You can see strains of that message in other videos that have gone viral in recent months: footage of people laughingly coughing—yes, coughing—on store clerks who asked them to wear masks. Footage of people licking goods in stores. Footage, too, of people crammed together in a pool on Memorial Day, maskless, careless, refusing to comply with statewide social-distancing guidelines. Even Sean Hannity was horrified by the Memorial Day displays. During yesterday evening’s show, the Fox News host, typically a devoted ally of President Trump, beseeched his viewers to wear masks: “Do it for your mom, your dad, your grandma, your grandpa.”

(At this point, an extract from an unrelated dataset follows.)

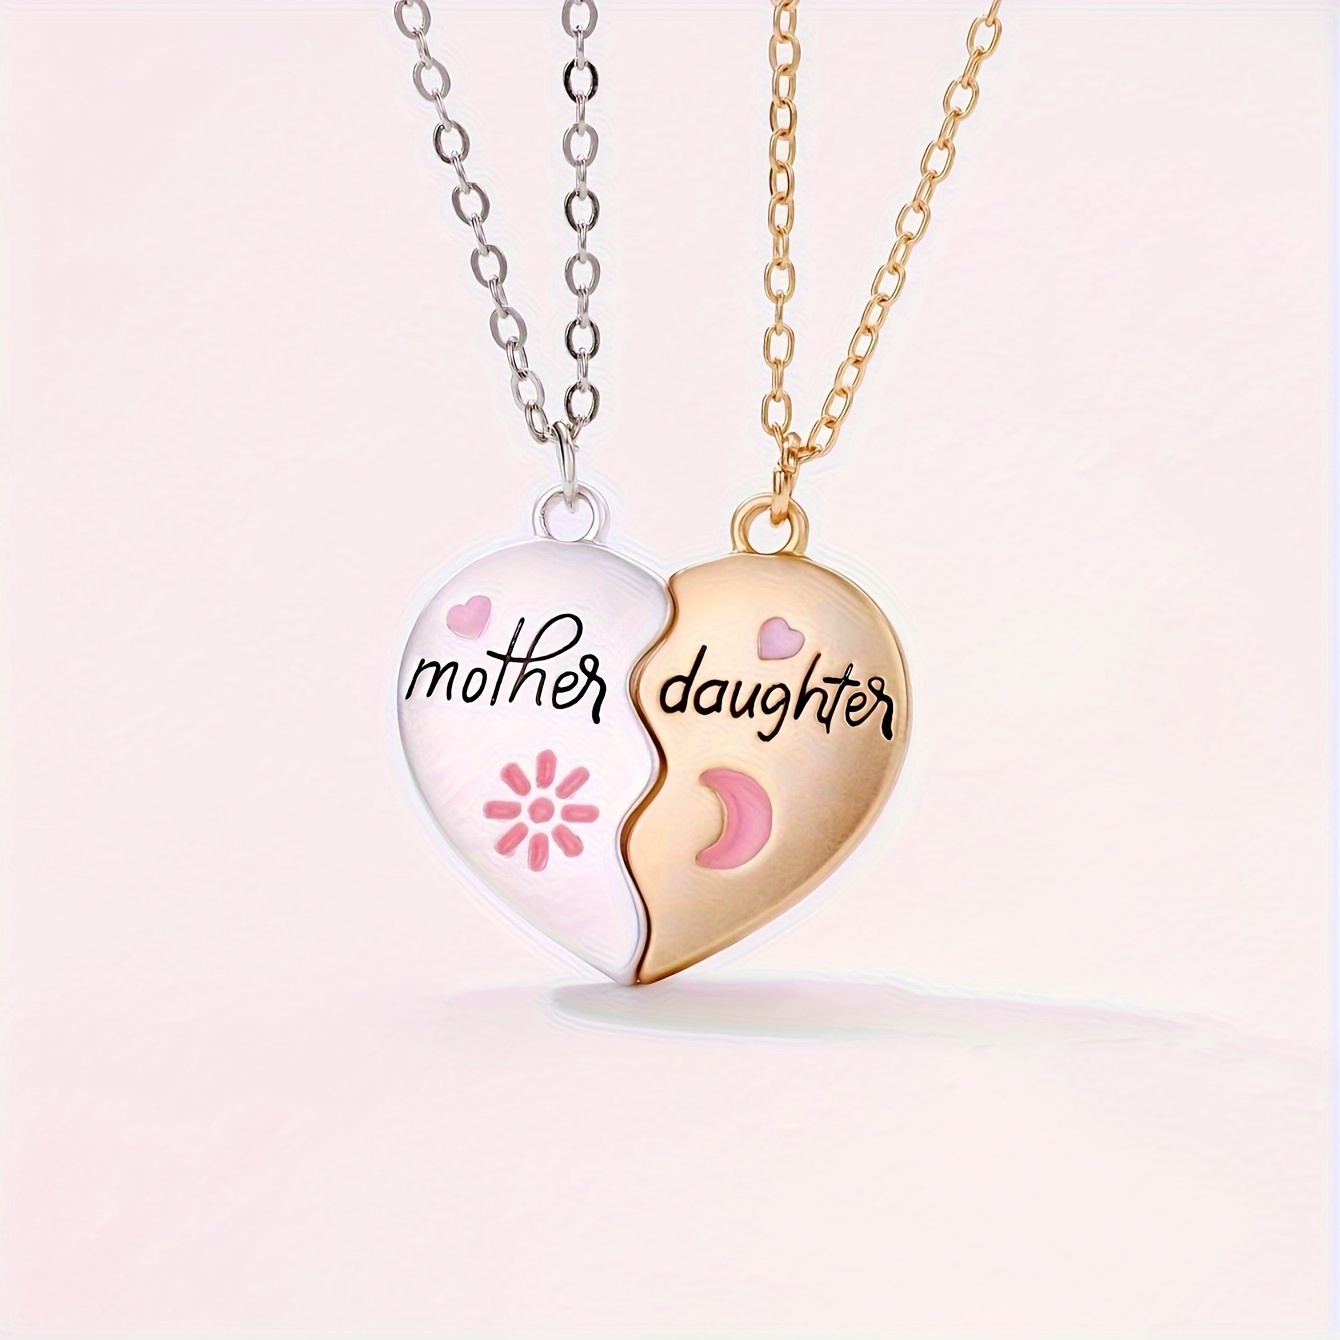 

2pcs Sun & Moon Decor Matching Heart-shaped Pendant Necklace Set, Zinc Alloy Enamel Jewelry Set For Mom & Daughter, Mother's Day Jewelry Gift, Birthday Gift

But it is useful to remember that those displays of disregard are not representative of the country as a whole. Polling suggests that Americans are much more united than they are divided about the responsible and respectful way to engage in public during a global pandemic. A HuffPost/YouGov survey published last week found Americans saying, 69 percent to 19 percent, that wearing a face mask when in public and near other people is a sign of respectfulness. (The same survey found that only 8 percent of respondents saw wearing a mask as a sign of weakness; 83 percent rejected that interpretation.) According to a recent Quinnipiac University poll, 64 percent of Americans said that everyone should be wearing a mask in public. The president, despite his amplified platform, is an outlier. The proudly maskless are outliers. Many of the videos that feature those people share one more element in common: fellow shoppers, wearing masks, getting on as best they can.